Volume 1, #49 August 19, 1997 POLITICS WITH BITE! CONTACT HELP previous BACK ISSUES next
A FORUM FOR ANTI-AUTHORITARIAN POLITICAL OPINION, RESEARCH AND HUMOR

Invisible Victories



One of the more insidious forms of media bias--especially important in local media, where we supposedly learn what's happening in our own community--is the reluctance to run political stories or perspectives that we can relate to our own experience. Hence, we get UPS strike stories about inconvenienced business owners, not people struggling to live on one (or more) part-time jobs. We get our daily barrage of puff pieces on Bill Gates or Phil Condit. And we learn, through omission, that individuals like us never make a difference in the political process.

In the last month--while Microsoft bit into Apple, Boeing swallowed McDonnell Douglas, and both stories digested local media whole--two long- running struggles to obtain community projects for communities of color triumphed. And were completely ignored by media. Most of us never heard a word about it.

On July 23, the Seattle School Board voted to sell Colman School to become the future site of the African-American Heritage Museum. A group of activists took over the school site 12 years ago, and occupied it for eight years. The vote represented a culmination of that direct action and the activists' demands. And just last week--on the 25th anniversary of its founding through another community activist occupation--El Centro de la Raza learned that the School Board would sell the old Beacon Hill School to it.

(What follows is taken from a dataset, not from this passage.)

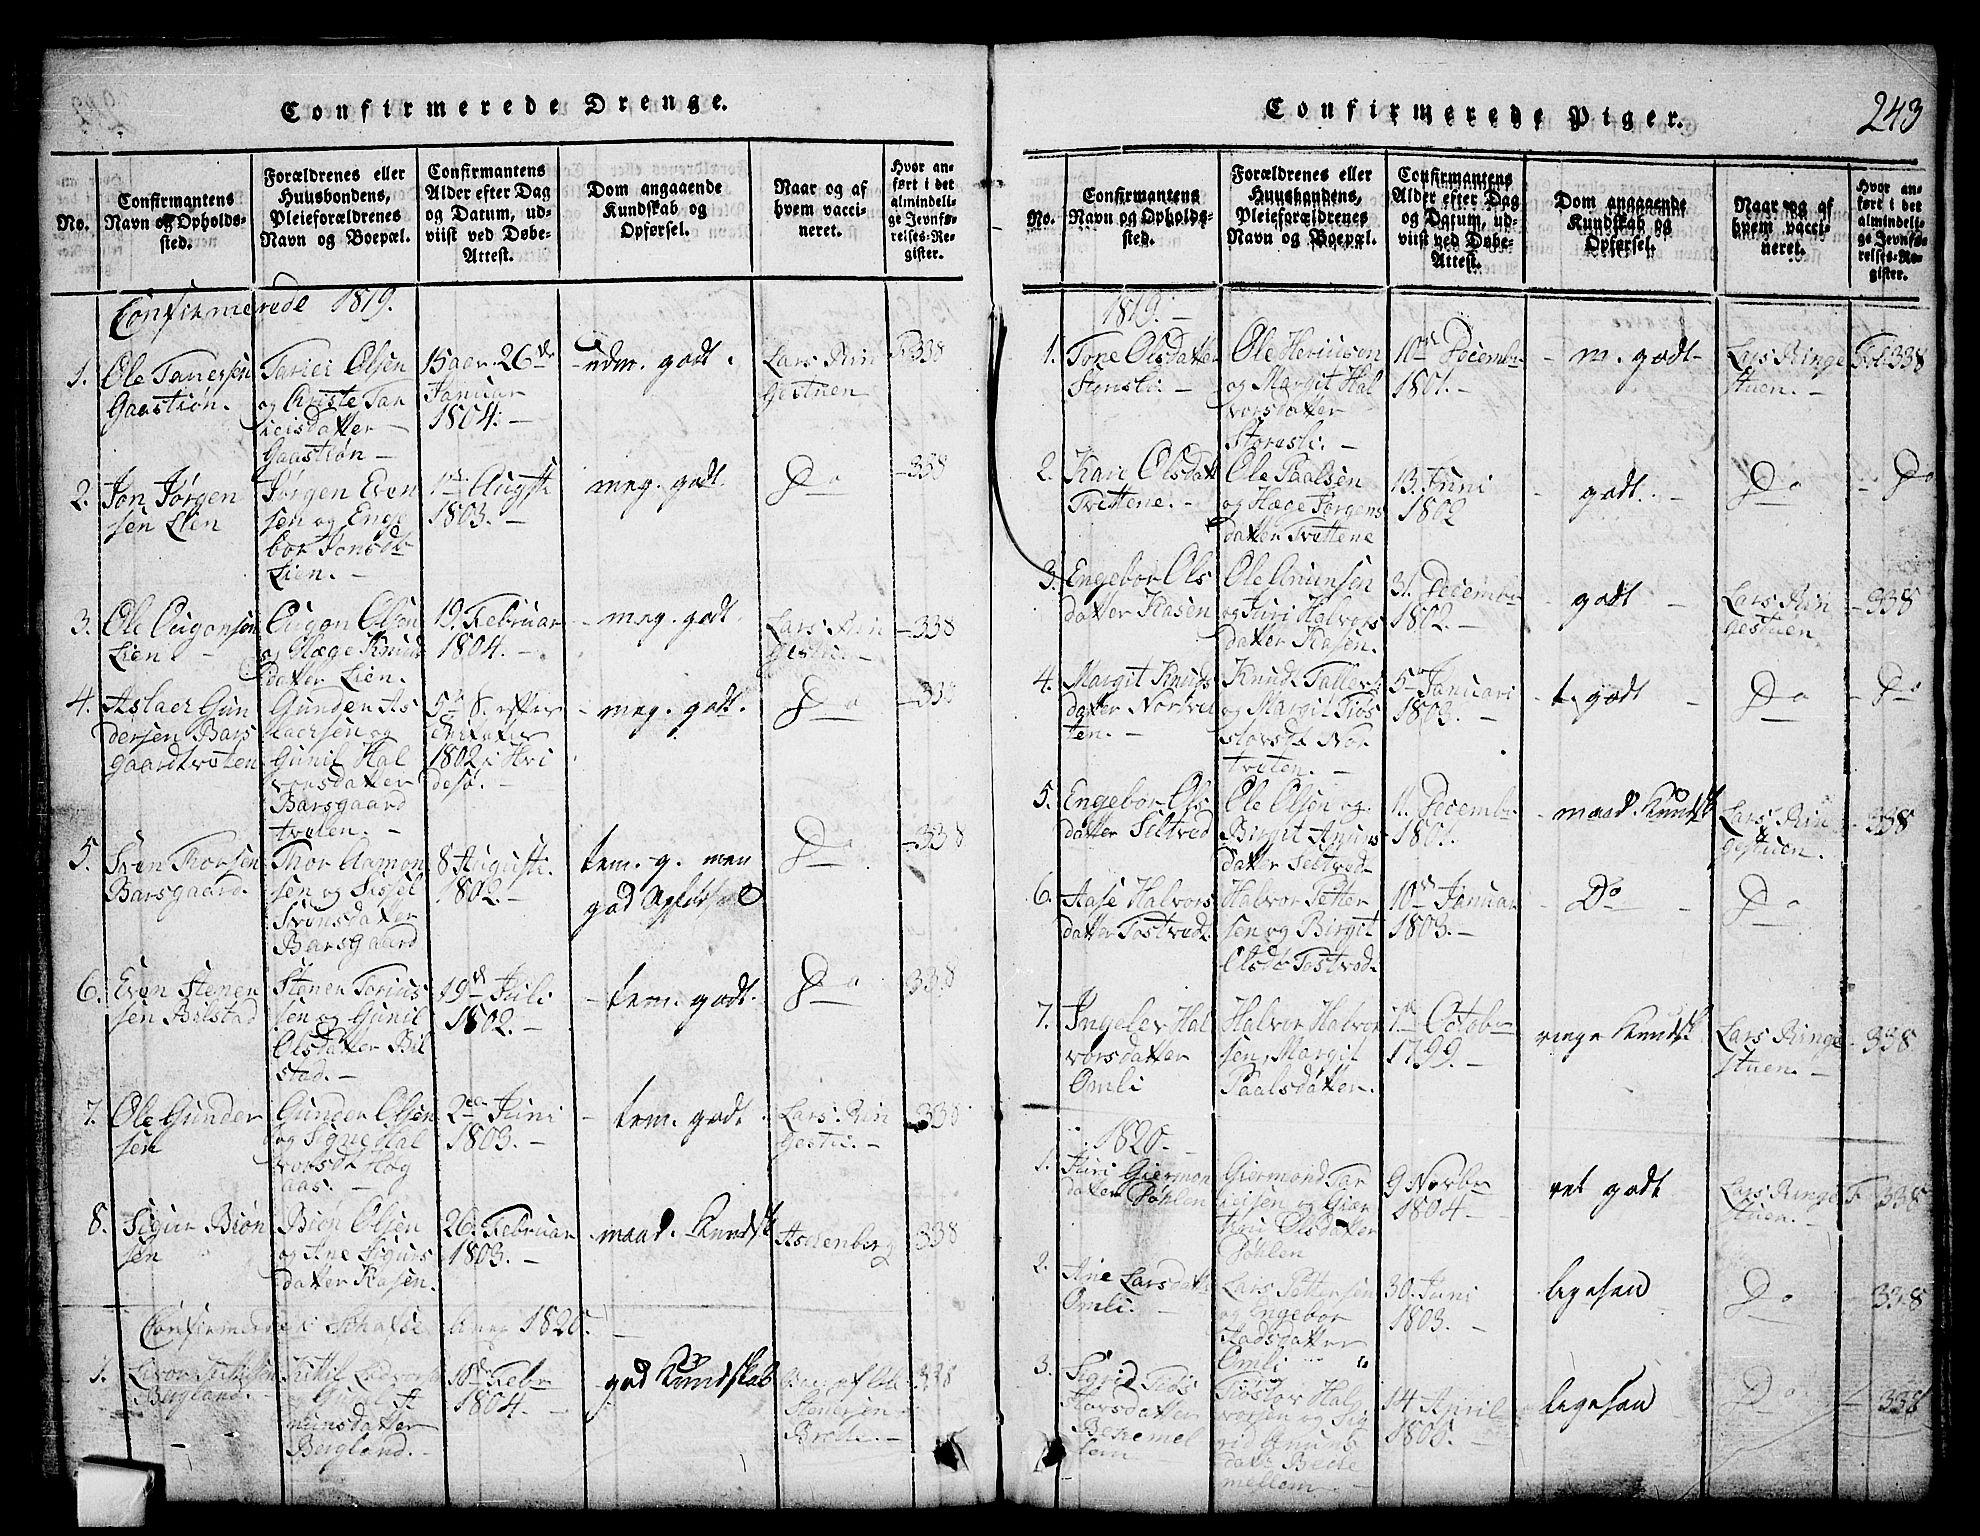 SAKO, Mo kirkebøker, G/Gb/L0001: Klokkerbok nr. II 1, 1814-1843, s. 243

The activists who've struggled for years to get these resources in place deserve congratulations and our thanks. So does the Seattle School Board, for selling the properties to deserving recipients rather than the usual We're A Non-Profit So We Can Apply For Grants To Perpetuate Ourselves crowd. But many in Seattle could have learned, and taken power from, this story of community determination. Maybe that's why our daily papers, TV, and radio all ignored the story.